━━━ Data provided

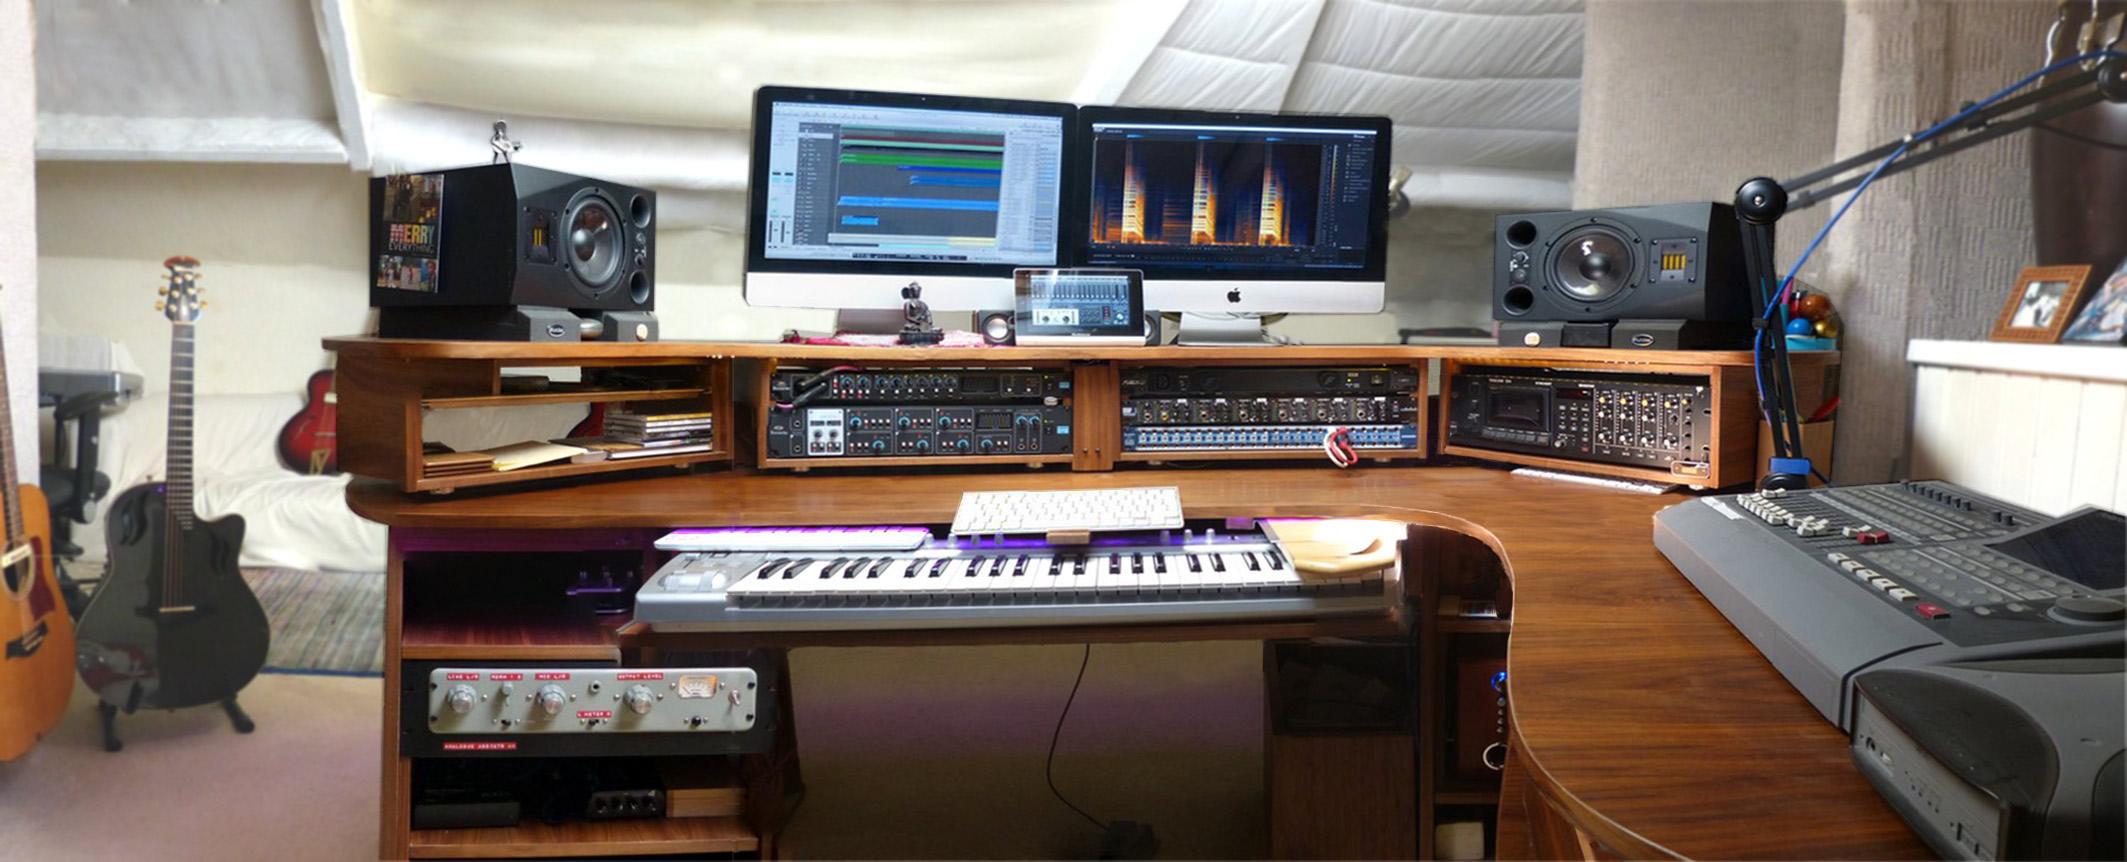 StudioPanorama
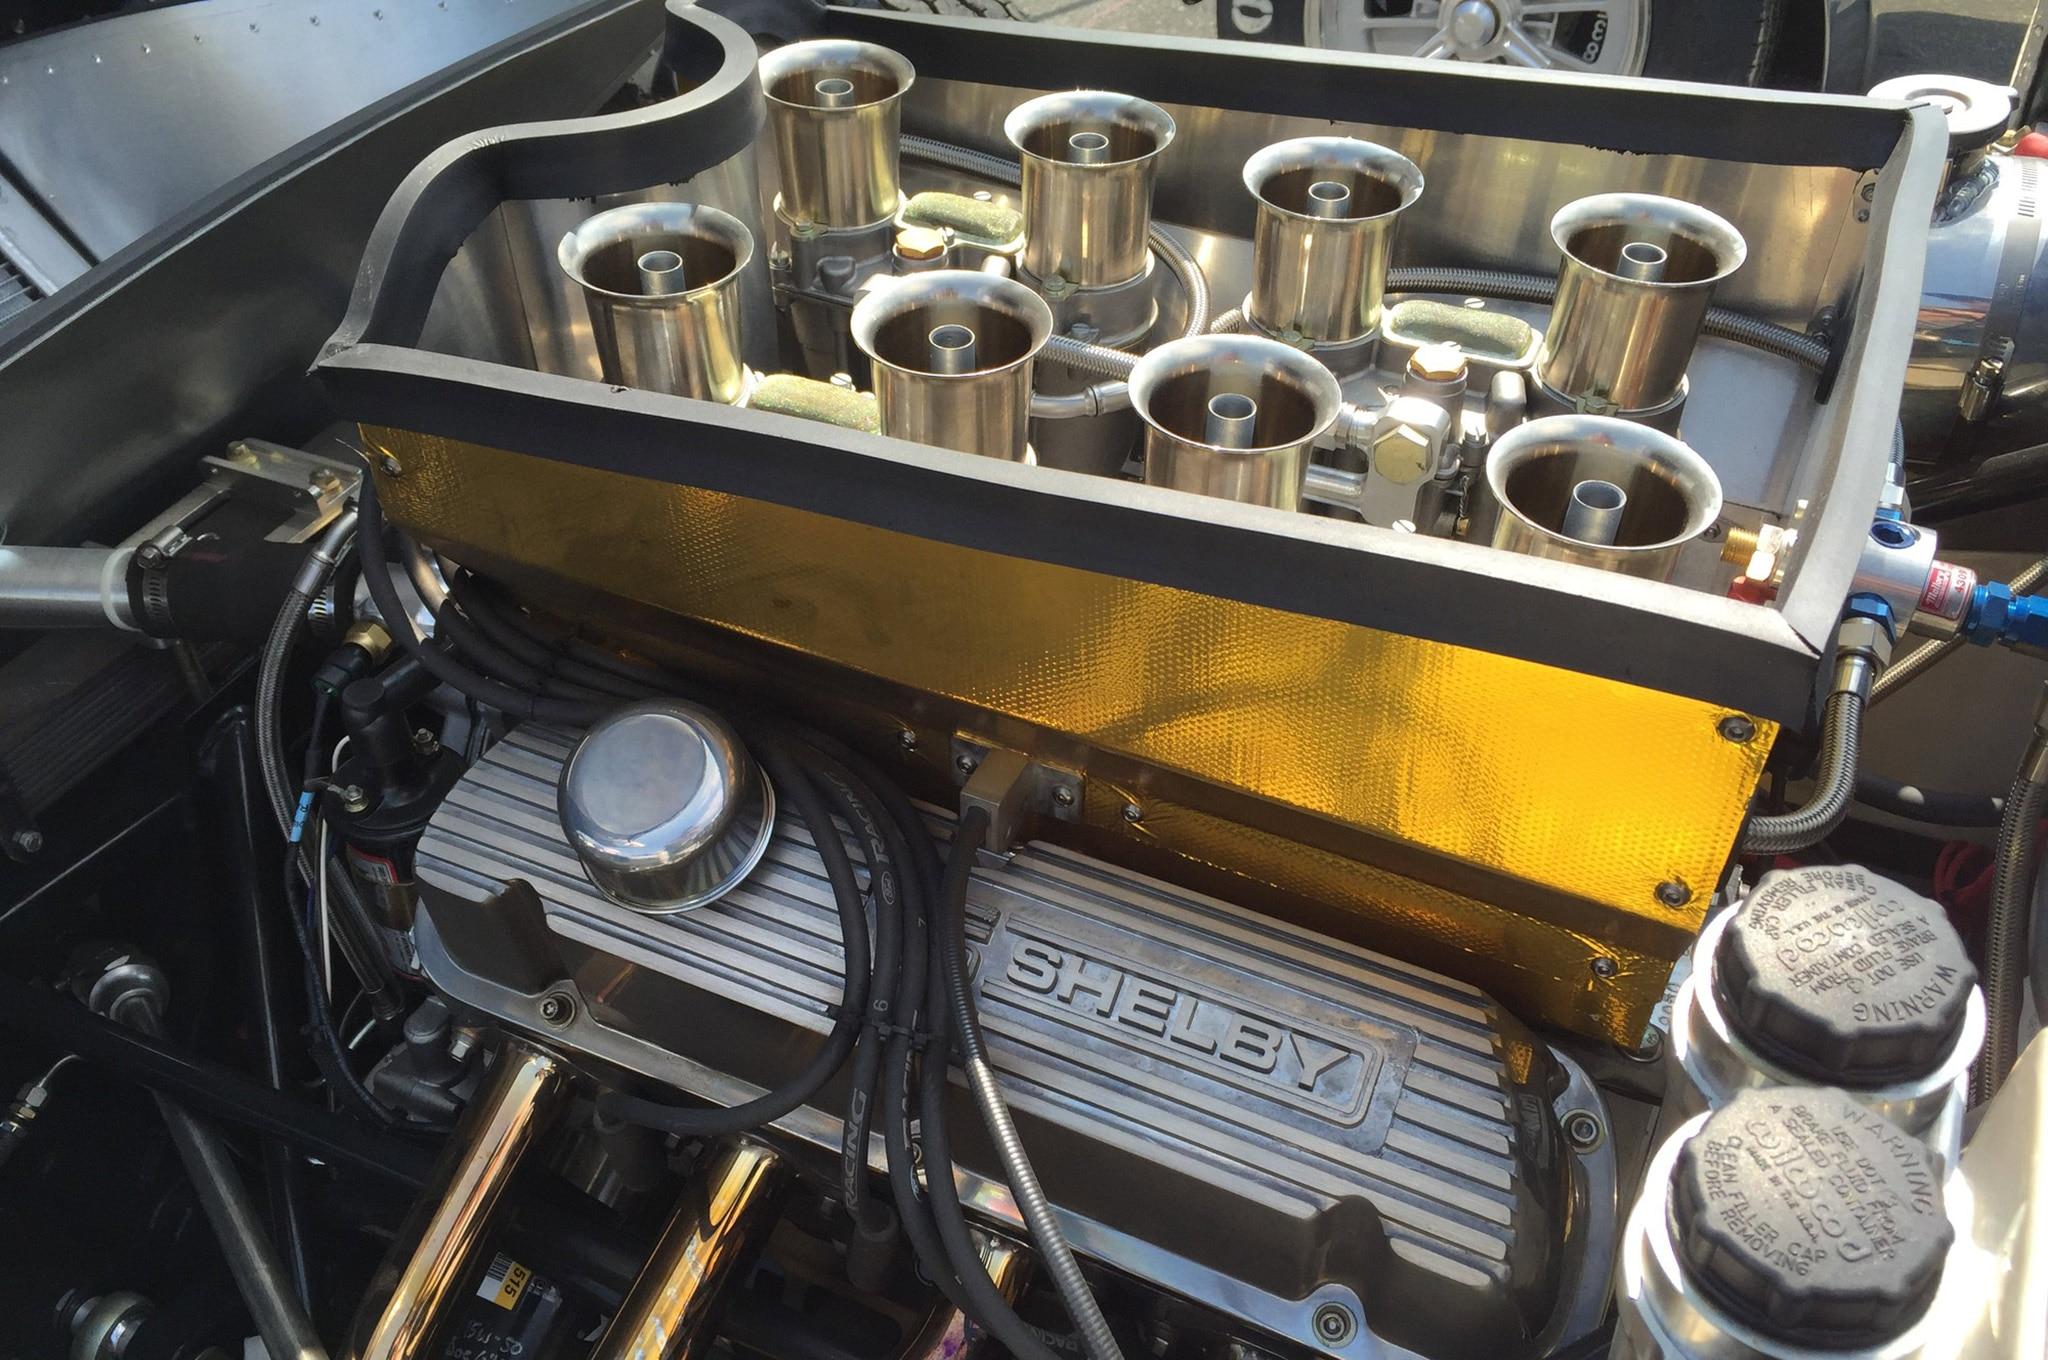 50th Anniversary Polished Shelby Daytona Coupe Engine
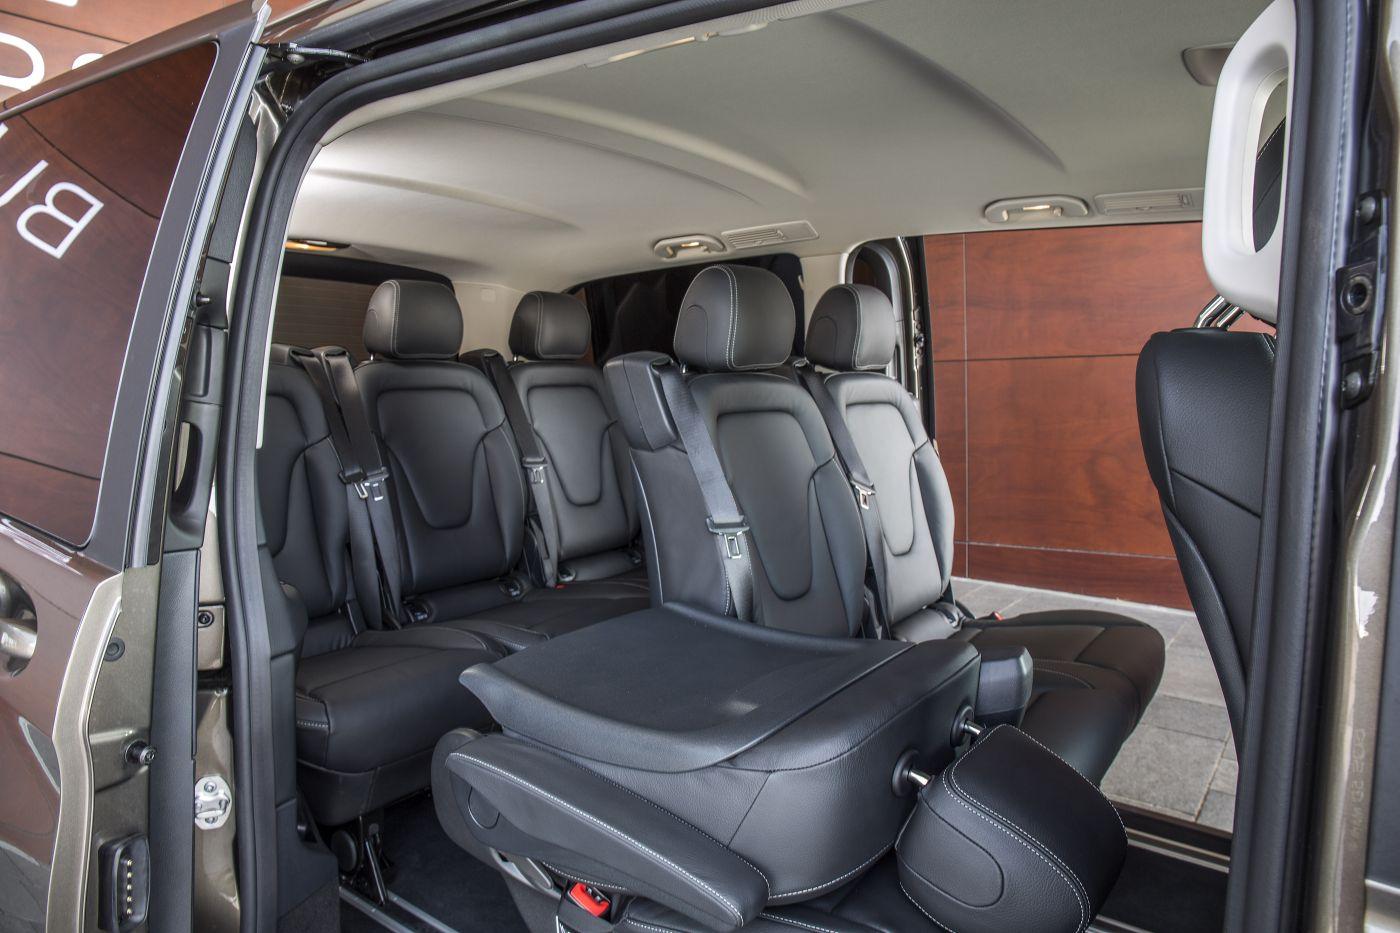 neue mercedes v klasse testbericht gro raumlimousine. Black Bedroom Furniture Sets. Home Design Ideas
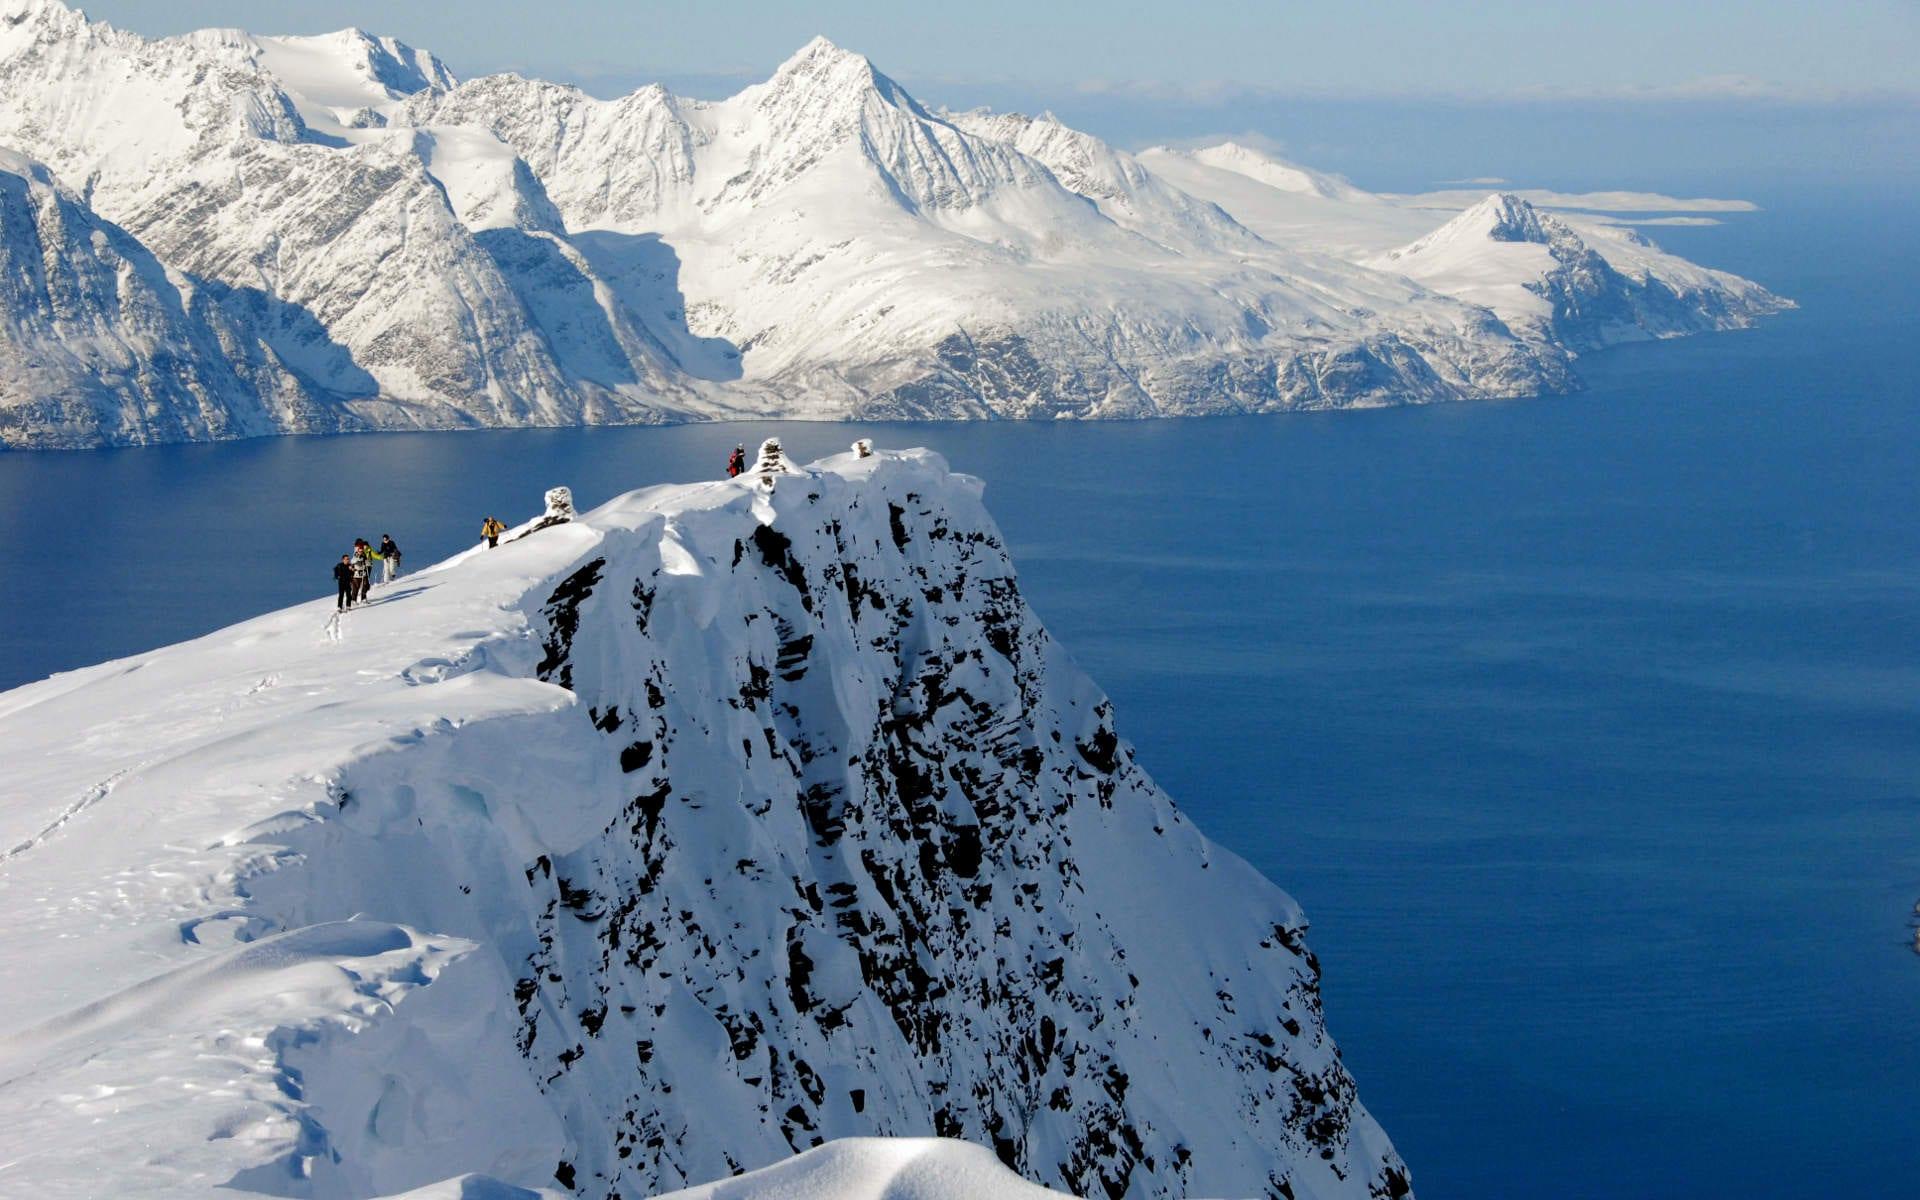 ski touring nordreisa norway landscape

━━━━━━

▶ Task description: Pictures aside, transcribe exactly the lines from the line containing "50th Anniversary Polished" through the final line of the material above.

▶ Task response:
 50th Anniversary Polished Shelby Daytona Coupe Engine
 neue mercedes v klasse testbericht gro raumlimousine. Black Bedroom Furniture Sets. Home Design Ideas
 ski touring nordreisa norway landscape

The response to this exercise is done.